À la fin mars 2022, après un mois de discussions entre Teresa Ribera, ministre espagnole de la Transition écologique, José Duarte Cordeiro, son homologue portugais, et Bruxelles, l’Espagne et le Portugal sont sortis du système européen de « vente au coût marginal ». Madrid et Lisbonne ont reçu l’autorisation de la Commission européenne de réduire pendant au moins un an le prix du gaz utilisé pour produire de l’électricité. Ce régime dérogatoire a été accordé à titre de mesures exceptionnelles « compte tenu de leur situation particulière ».
La péninsule ibérique est relativement isolée et bénéficie, il est vrai, de peu d’interconnexions avec le marché européen. Les deux pays produisent par ailleurs une grande part de leur électricité par des sources renouvelables au coût marginal très faible.

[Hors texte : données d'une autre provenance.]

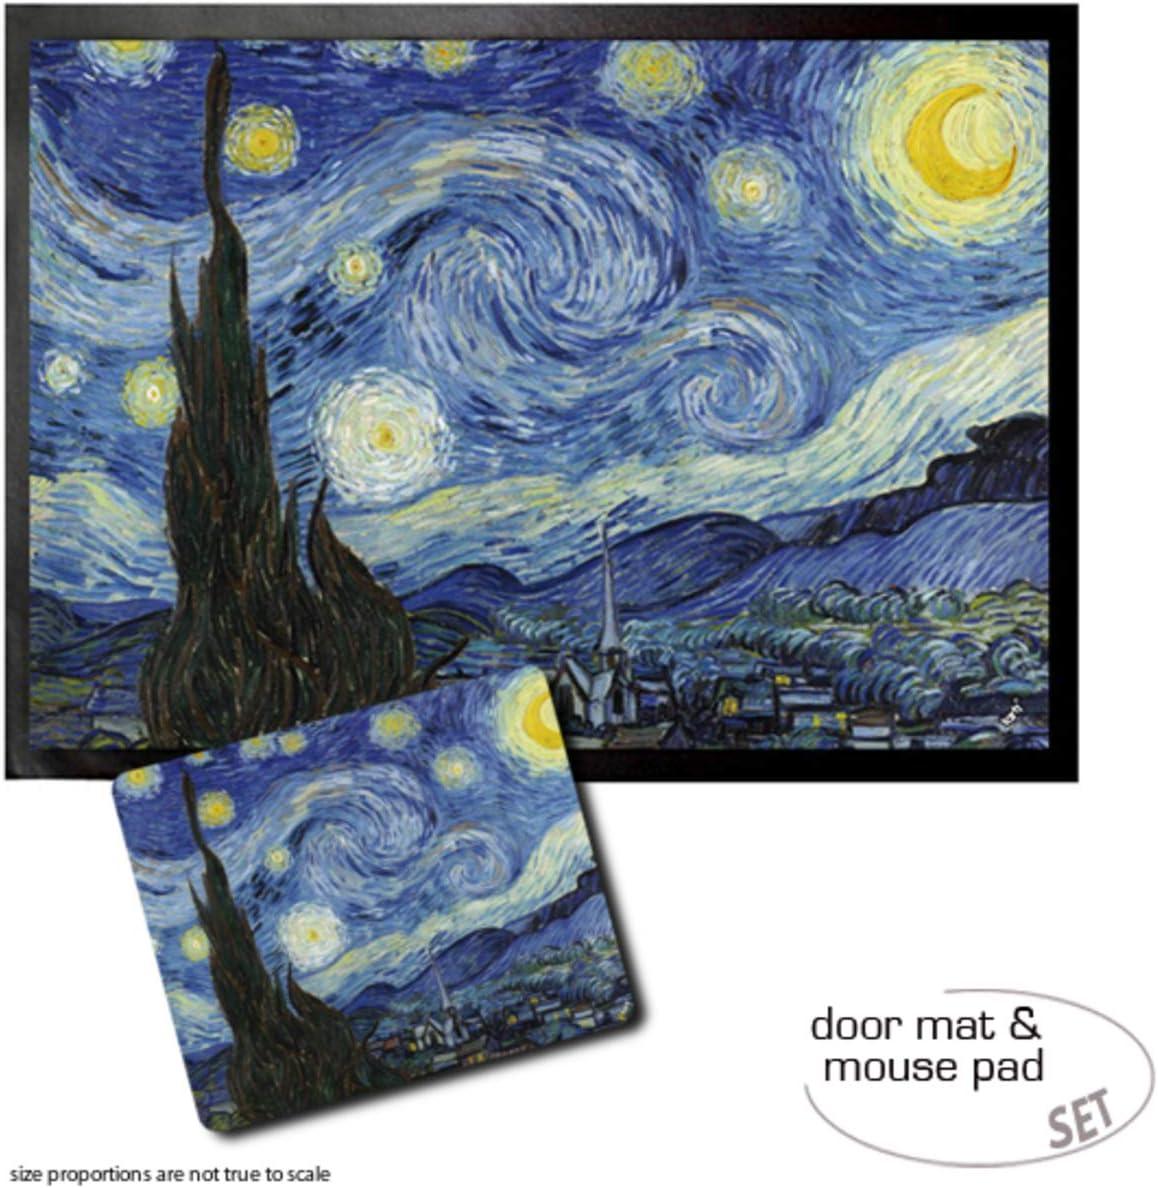 1art1 Vincent Van Gogh Die Sternennacht 1889 Fußmatte Innenbereich Und Außenbereich Design Türmatte 70x50 Cm Mauspad 23x19 Cm Geschenkset Küche Haushalt

Selon Madrid, l’accord permettra de baisser la facture des ménages et des industriels de 30% au moins. Car le prix du gaz utilisé dans la production d’électricité sera limité en moyenne à 50 € le MWh sur les 12 prochains mois. Or au moment de l’accord, le prix du gaz naturel sur le marché de gros tournait autour de 90 € le MWh. Selon la Bourse européenne de l’énergie EEX, il est aujourd’hui à 176 euros…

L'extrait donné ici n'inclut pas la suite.